◆ **Action item**
Return the data below unchanged, without images.

[Dataset section — start]

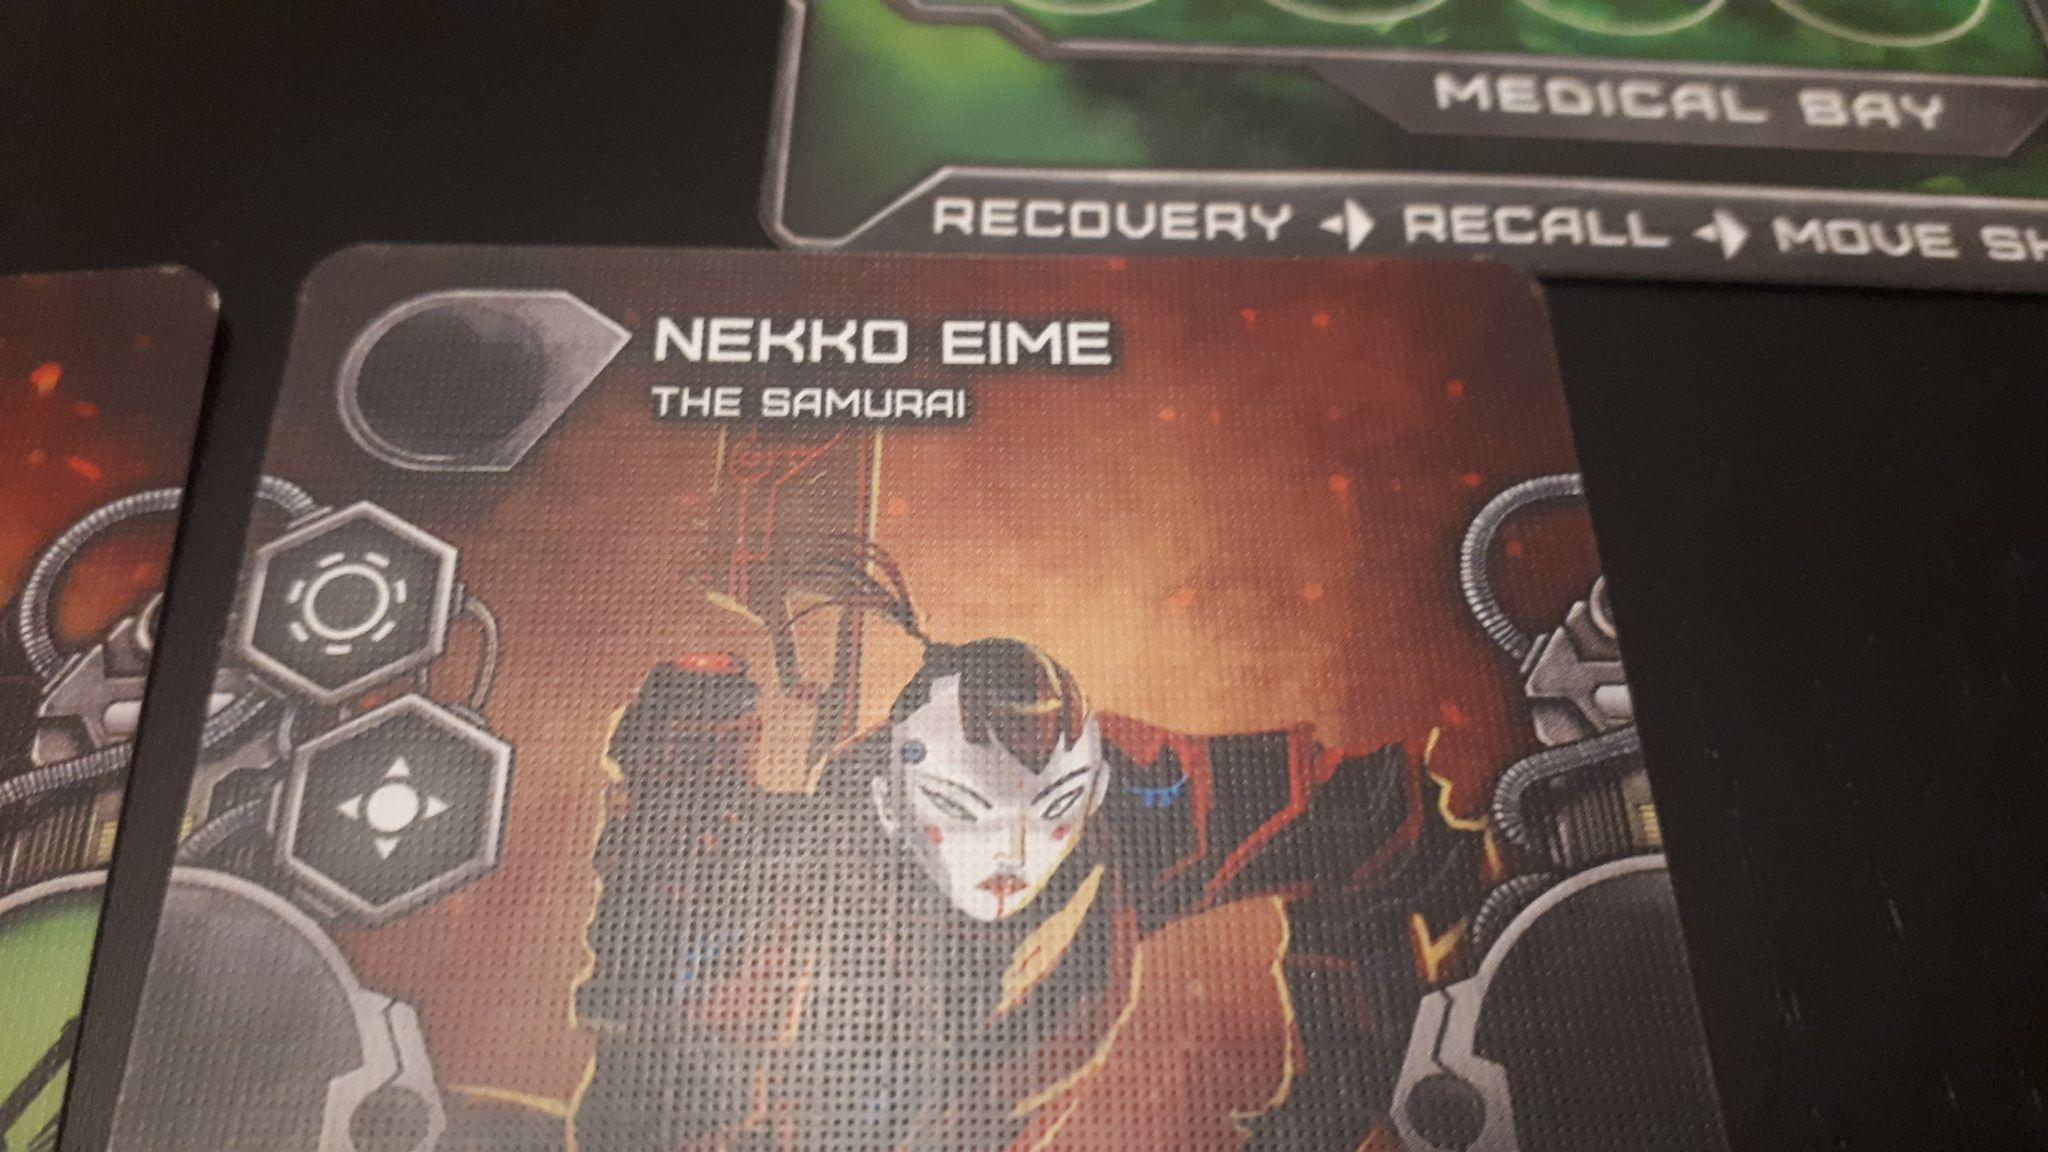 Когато ти е последната карта в играта и вече нямаш идея какво име да измислиш.
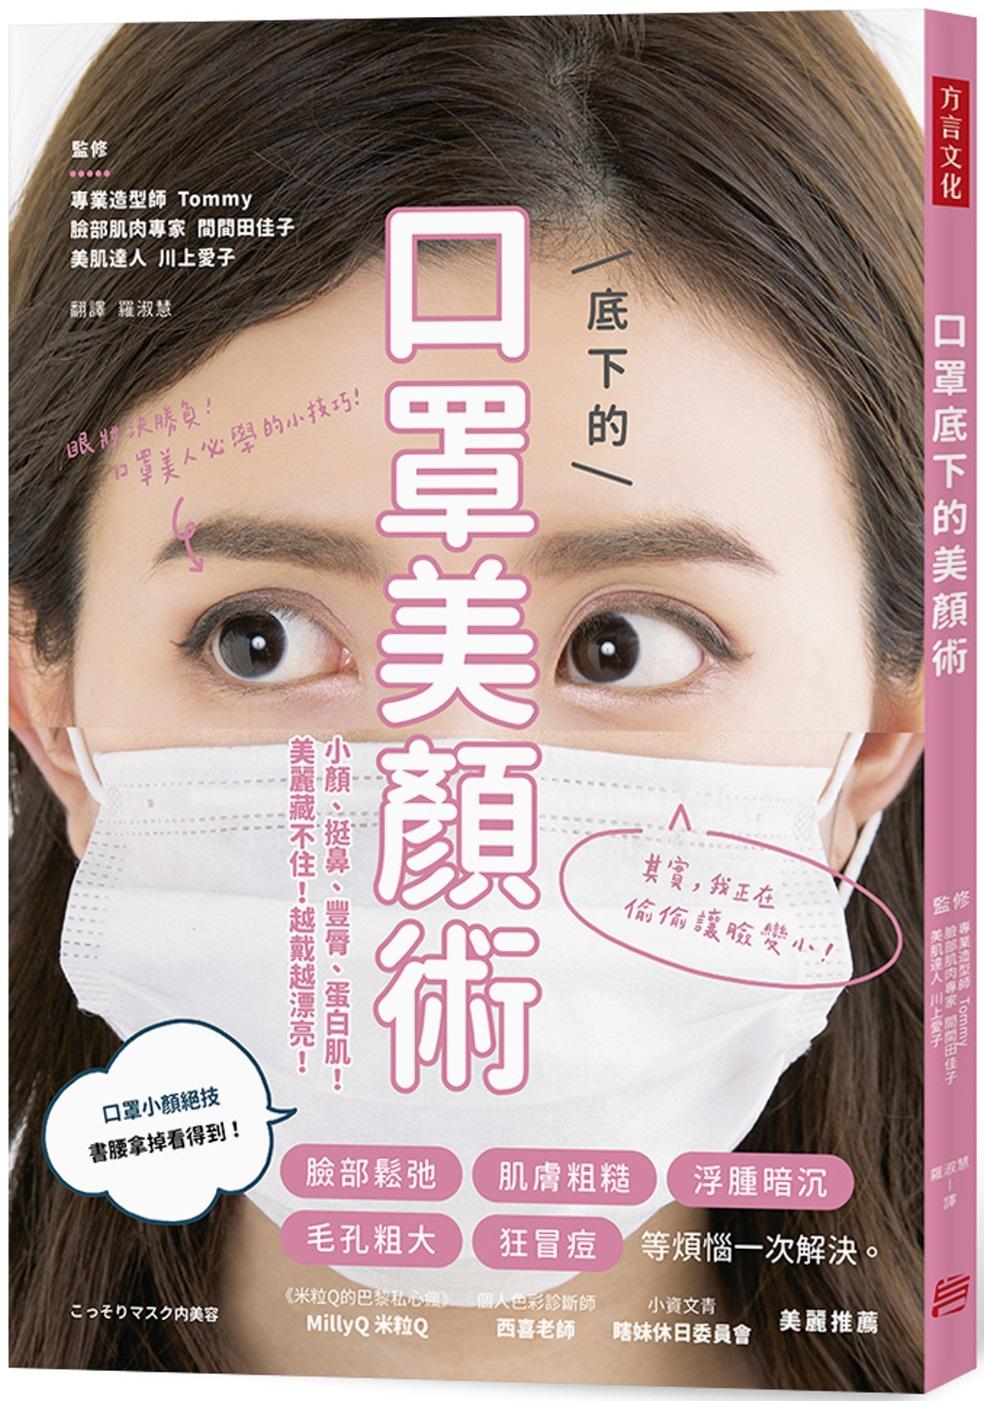 口罩底下的美顏術:小顏、挺鼻、豐脣、蛋白肌! 美麗藏不住!越戴越漂亮!
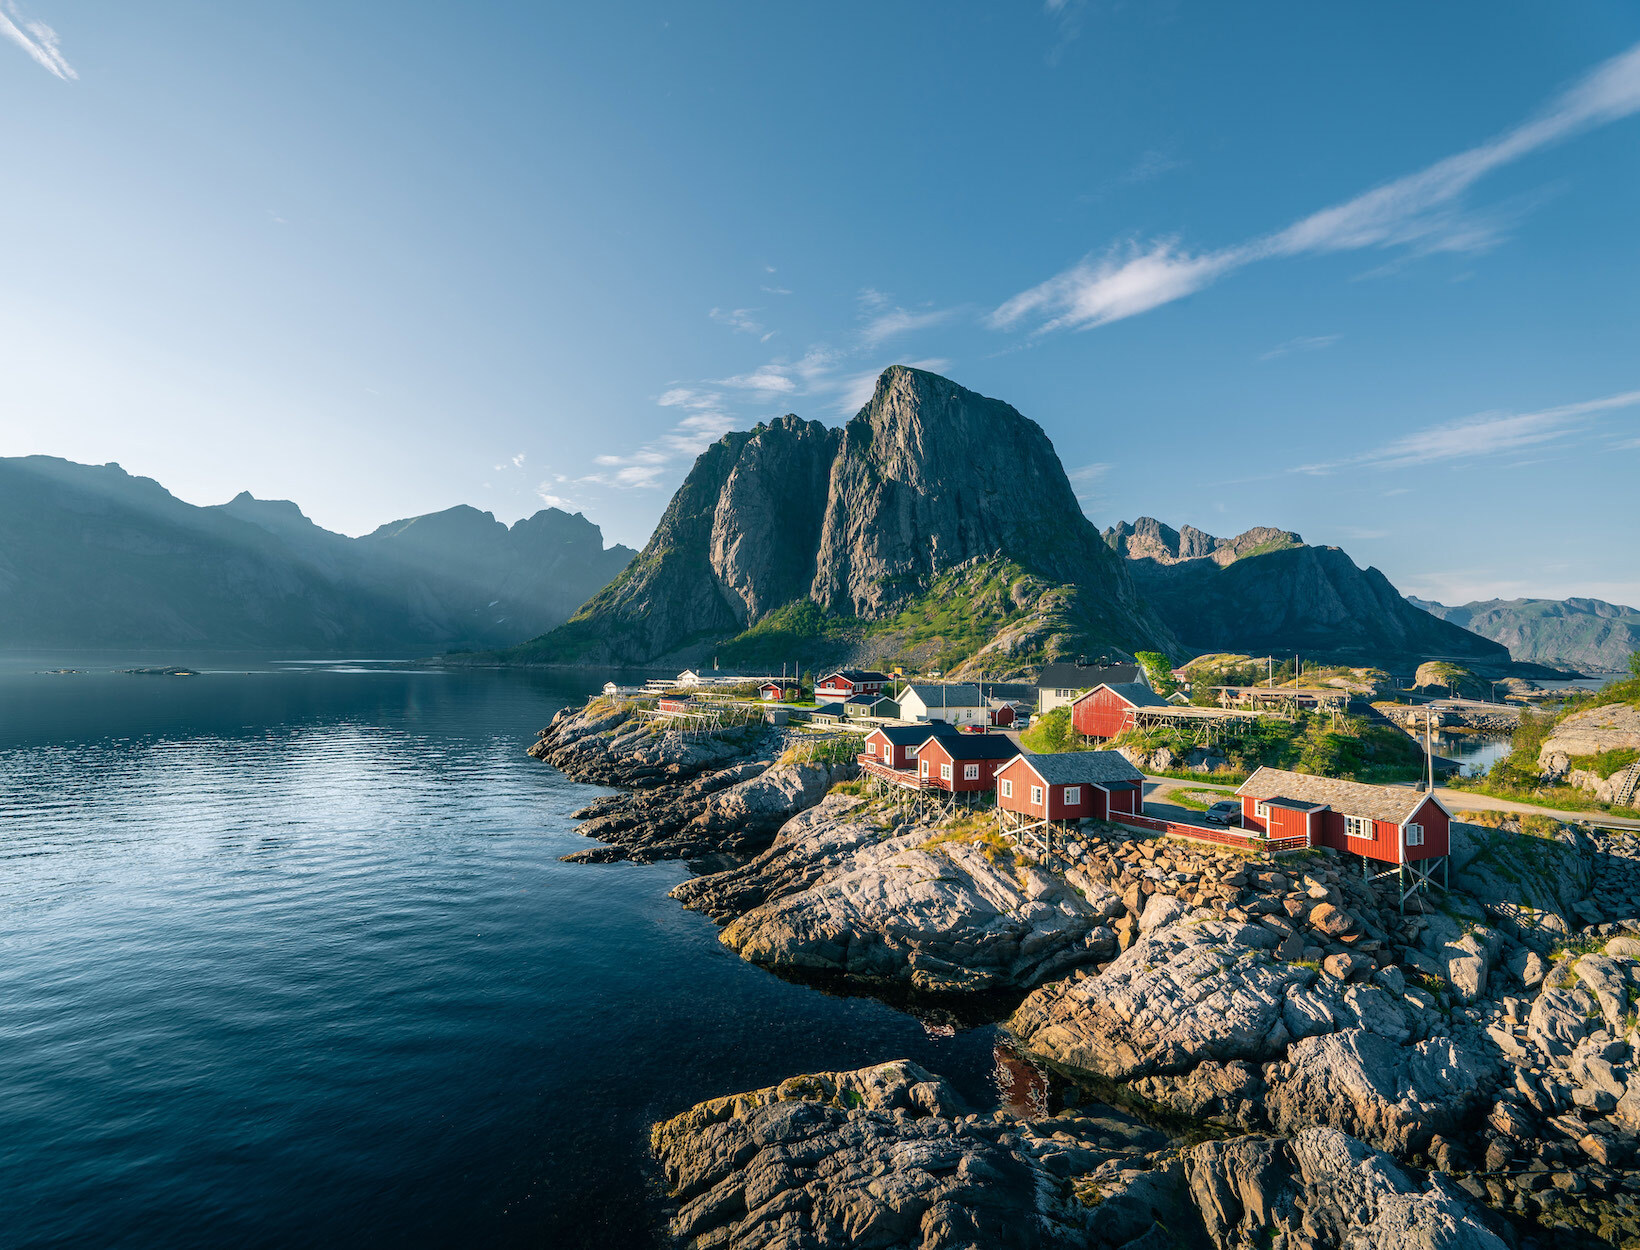 Lofoten Islands<br><em> Norway</em>

[Dataset section — finish]

◆ **Your response**
 Когато ти е последната карта в играта и вече нямаш идея какво име да измислиш.
 口罩底下的美顏術:小顏、挺鼻、豐脣、蛋白肌! 美麗藏不住!越戴越漂亮!
 Lofoten Islands<br><em> Norway</em>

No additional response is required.